4 Using the circle below to represent the stem cross section, show the distribution of the vascular bundles in corn. Do not show any cellular details; simply use small circles to show where vascular bundles are located. This arrangement of stem vascular bundles is typical of monocots, the group of flowering plants that includes grasses (of which corn is one species), bananas, pineapples, palm trees, lilies, orchids, etc. Because of this random arrangement of vascular bundles, no distinction is made between cortex and pith; it is simply referred to as ground tissue. It develops from the ground meristem. How do you know that the tissues in this stem cross section are mature, and are not primary meristematic tissues? 2. Now examine a single vascular bundle at high power using a compound microscope. To many observers, a vascular bundle resembles a monkeyface. a) Bundle sheath: The red- stained cells that outline the vascular bundle are sclerenchyma fibers, which form a bundle sheath. Remind yourself of the characteristics of sclerenchyma cells and fibers from a previous lab. On some slides the bundle sheath cells may not be completely differentiated. b) Primary phloem: The green- stained forehead of the monkeyface is the primary phloem, in which you should be able to distinguish two types of cells. The larger cells are the sieve tube members and the smaller are companion cells. c) Primary xylem: The eyes and nose of the face are large vessel elements of the primary xylem. Note the thickened, red- stained cell walls and lack of cellular contents in these water conducting cells. There may also be a few smaller vessels present. Some of the larger vascular bundles will also have a round or irregularly- shaped airspace that forms a mouth for the monkeyface; this airspace is a result of stretching and tearing of tissues that occurs as surrounding cells elongate.

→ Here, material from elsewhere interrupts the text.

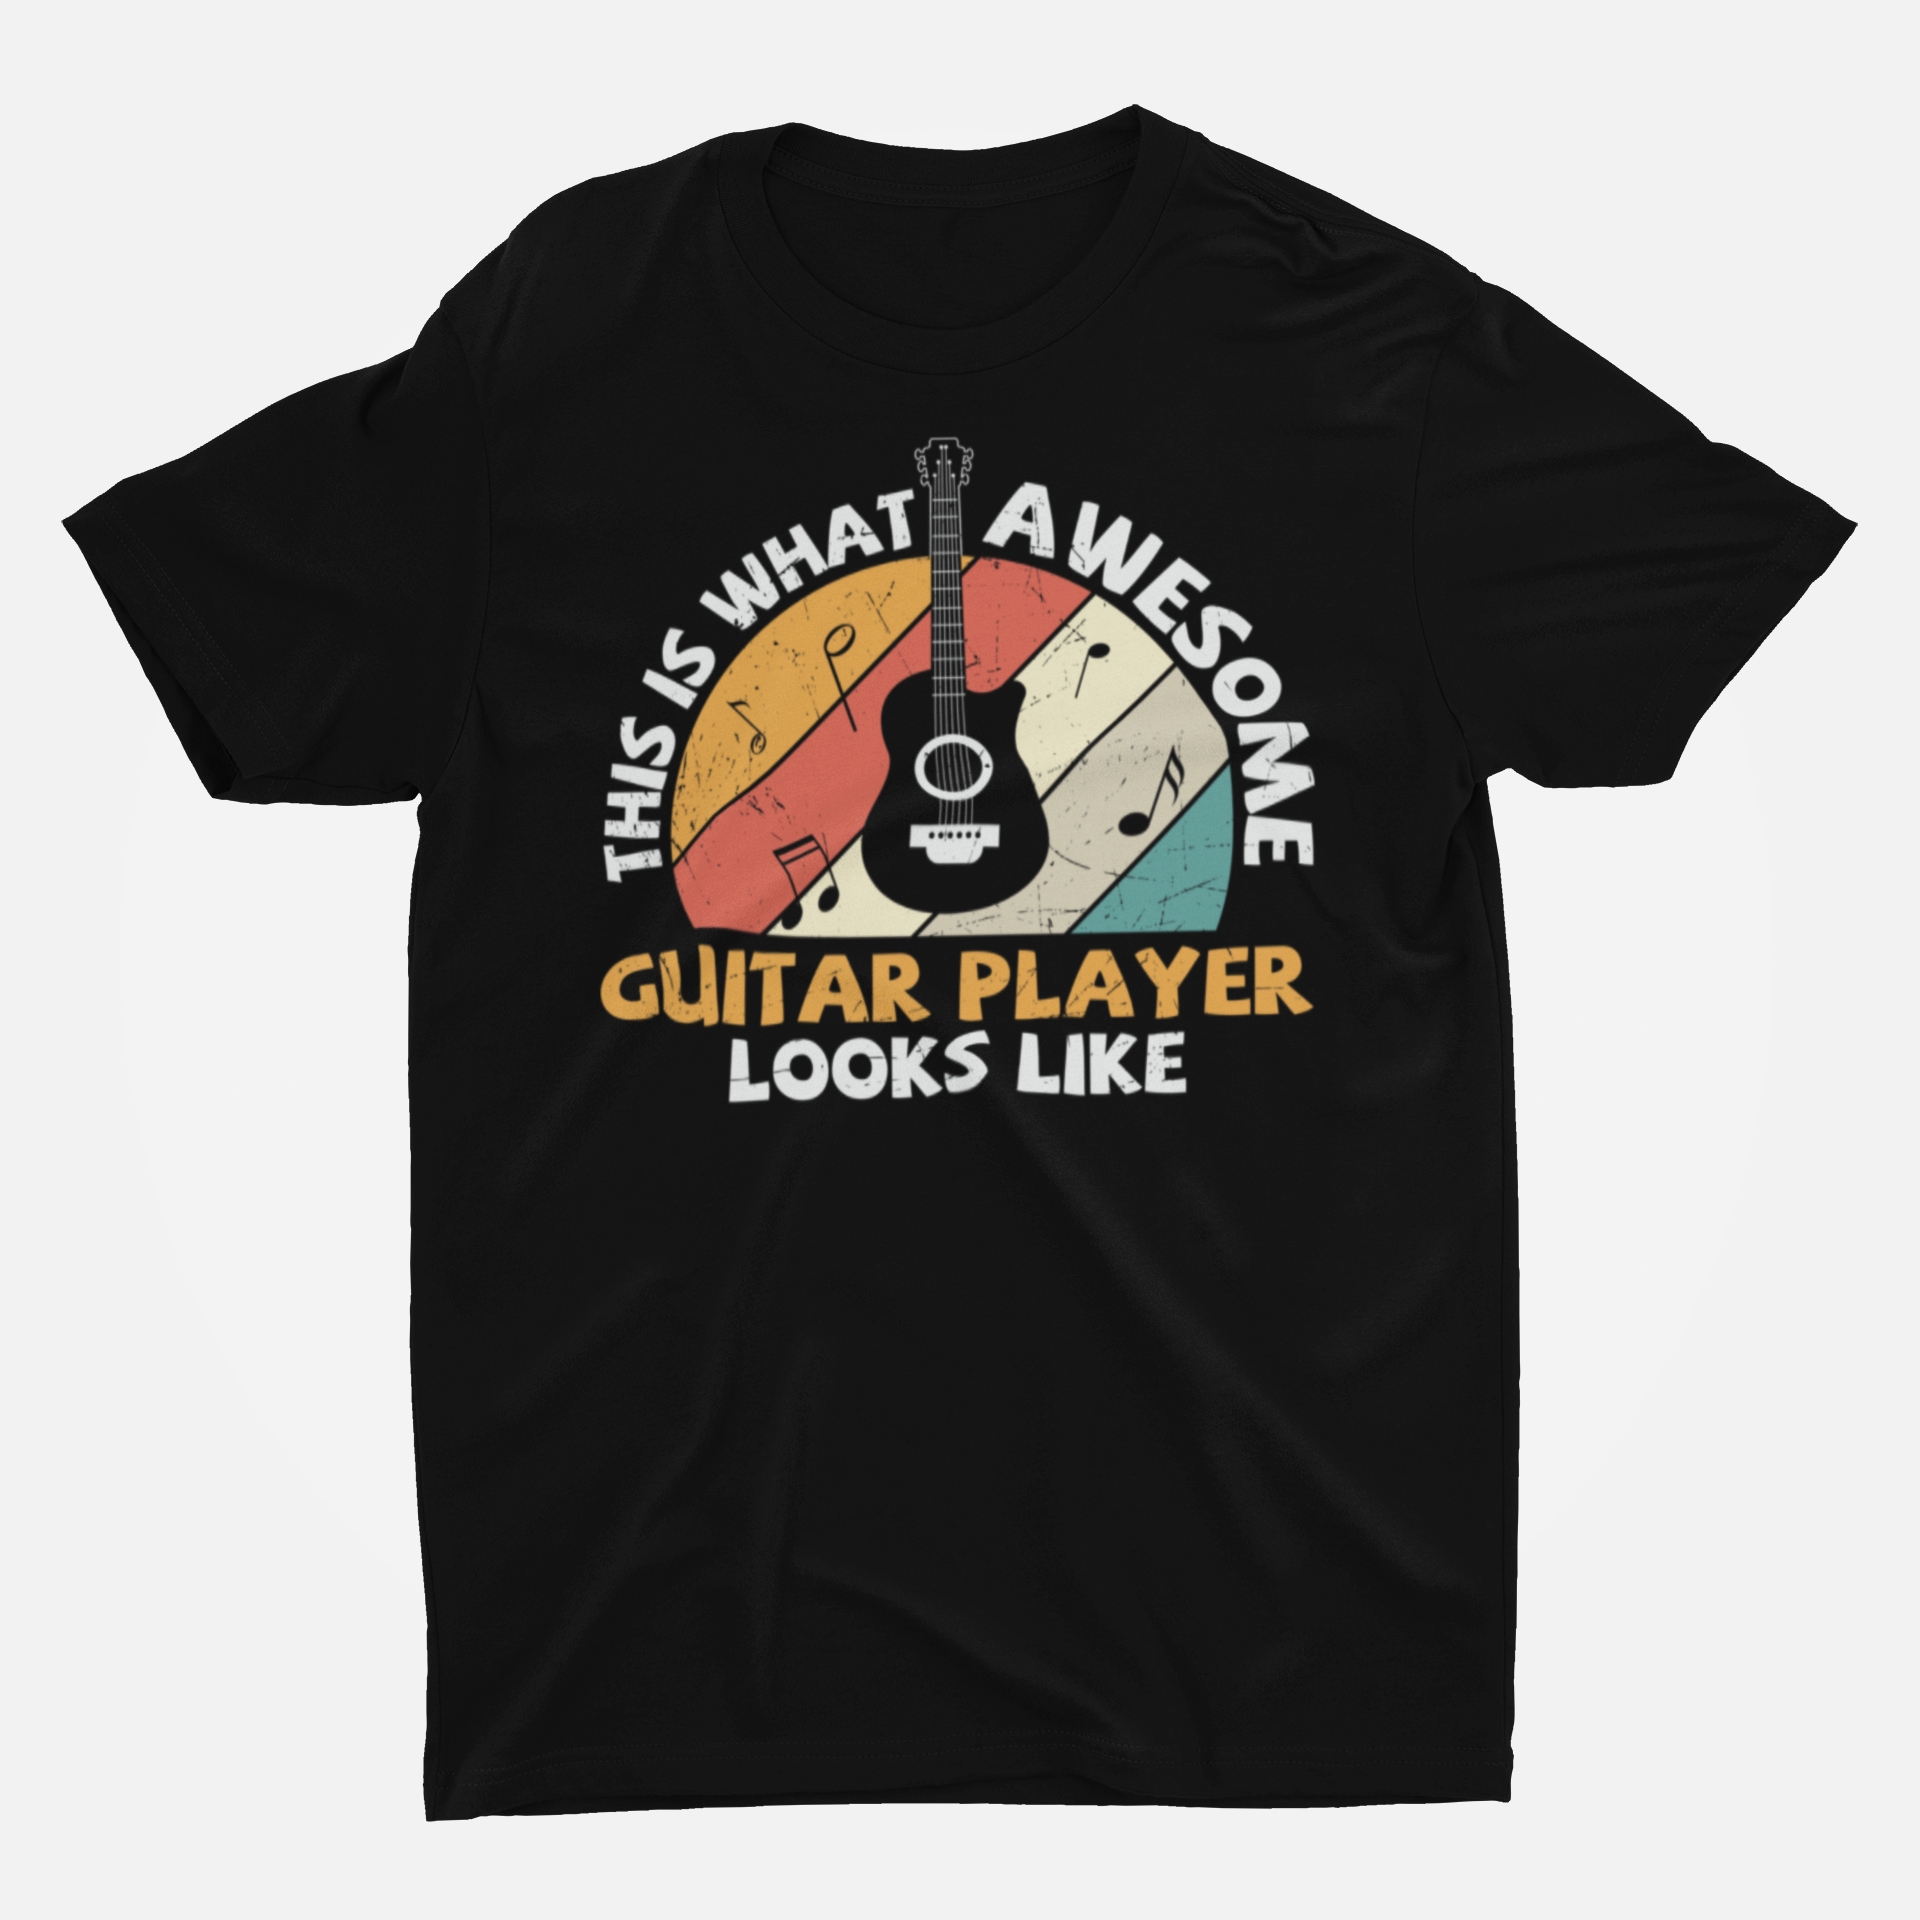 Awesome Guitar Player Black Round Neck T-Shirt for Men
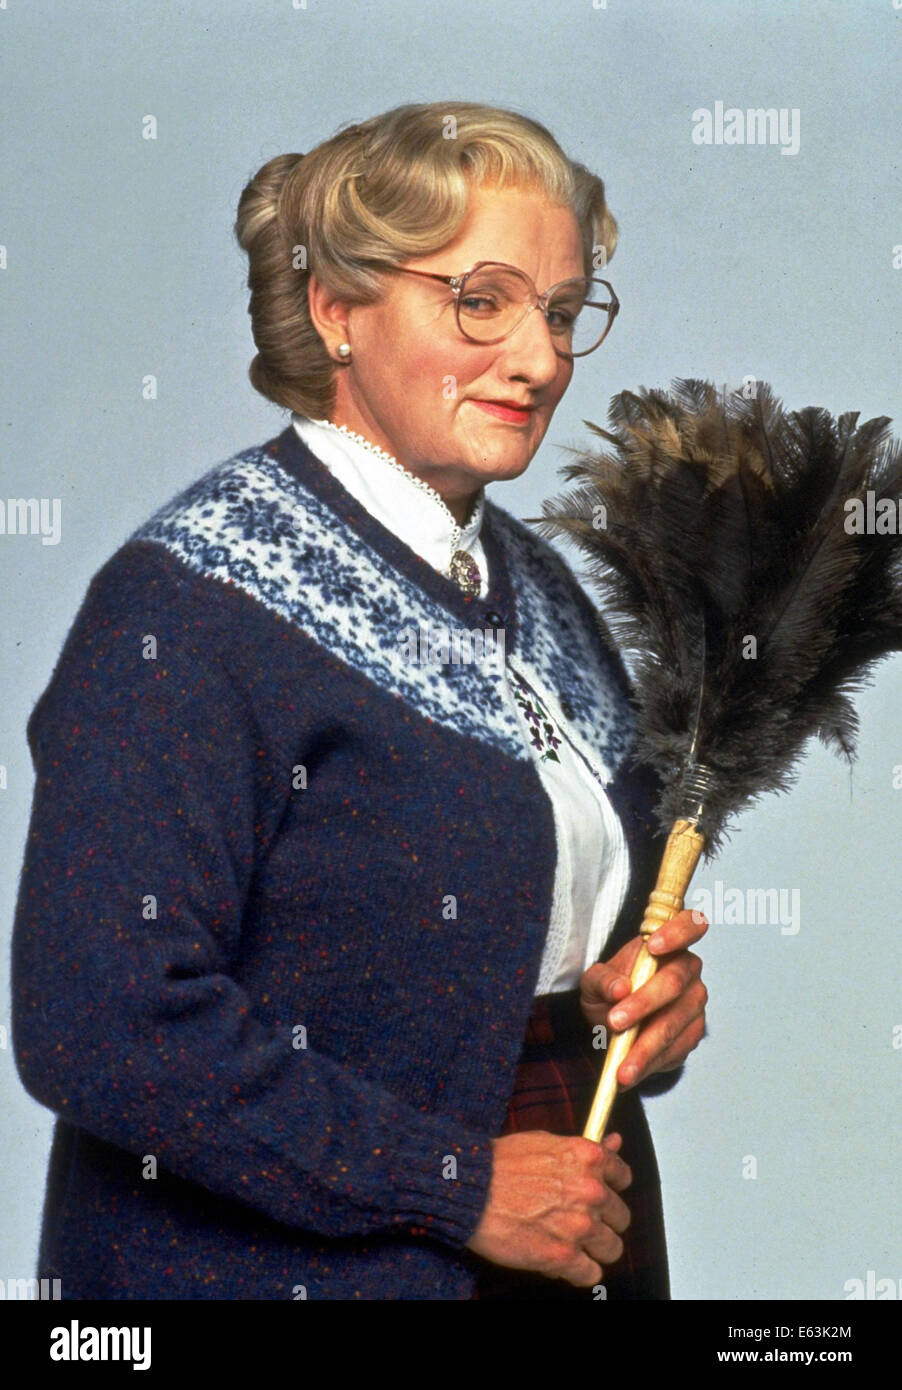 Mrs. Doubtfire is a 1993 American comedy film starring Robin Williams. Stock Photo

5 d) Examine the outer region of the corn stem (near the epidermis). The vascular bundles here are smaller and closer together. There are relatively more sclerenchyma fibers, particularly just below the epidermis. These tissues contribute strength and mechanical support to the corn stem. Figure 4.2: Vascular bundle of corn stem (cross-section) Label : a) bundle sheath (sclerenchyma fibers) b) ground tissue c) primary phloem d) vessel element B. Sunflower (Helianthus sp.), a dicot. 1. Examine a prepared slide of a cross section of Helianthus stem. Note that our slides contain sections from young and old regions of the stem. For now, concentrate on the smaller, young section, to examine the primary tissues. As with corn above, use ovals to show the distribution of vascular bundles in the stem. Notice that Helianthus has a hollow stem there is an empty area, called the pith cavity, at the center of the pith tissue. This ring- like arrangement of vascular bundles is characteristic of herbaceous (non- woody) stems of dicots, the other major group of flowering plants. Other examples of dicots are daisies, poppies, apple trees,

6 buttercups, tomatoes, oaks, etc. The ring of vascular bundles divides the ground tissue into two regions: cortex and pith. What seems to be the most abundant type of tissue in the young Helianthus stem? Is coleus a monocot or a dicot? 2. Examine a Helianthus vascular bundle at low, medium, and high power. a) Since we looked at these sections last week, you should recognize the sclerenchyma fiber caps that lie between many of the vascular bundles and the epidermis. b) Toward the center of each bundle you should see green- stained primary phloem. Try to distinguish sieve tube members and companion cells in this tissue. c) The primary xylem is adjacent to the primary phloem, on the interior side of the vascular bundles. This arrangement of xylem and phloem, with xylem to the inside and phloem to the outside is important to recognize and is characteristic of stems. Vessel elements are visible, as are smaller parenchyma cells which may eventually develop into fibers, vessel elements, or other cell types as the stem continues to mature. Figure 4.3. Cross section of Helianthus stem. Label the following: A) epidermis. B) cortex. C) sclerenchyma fibers. D) primary phloem. E)primary xylem. F) vessel element. G) pith. H) Pith cavity.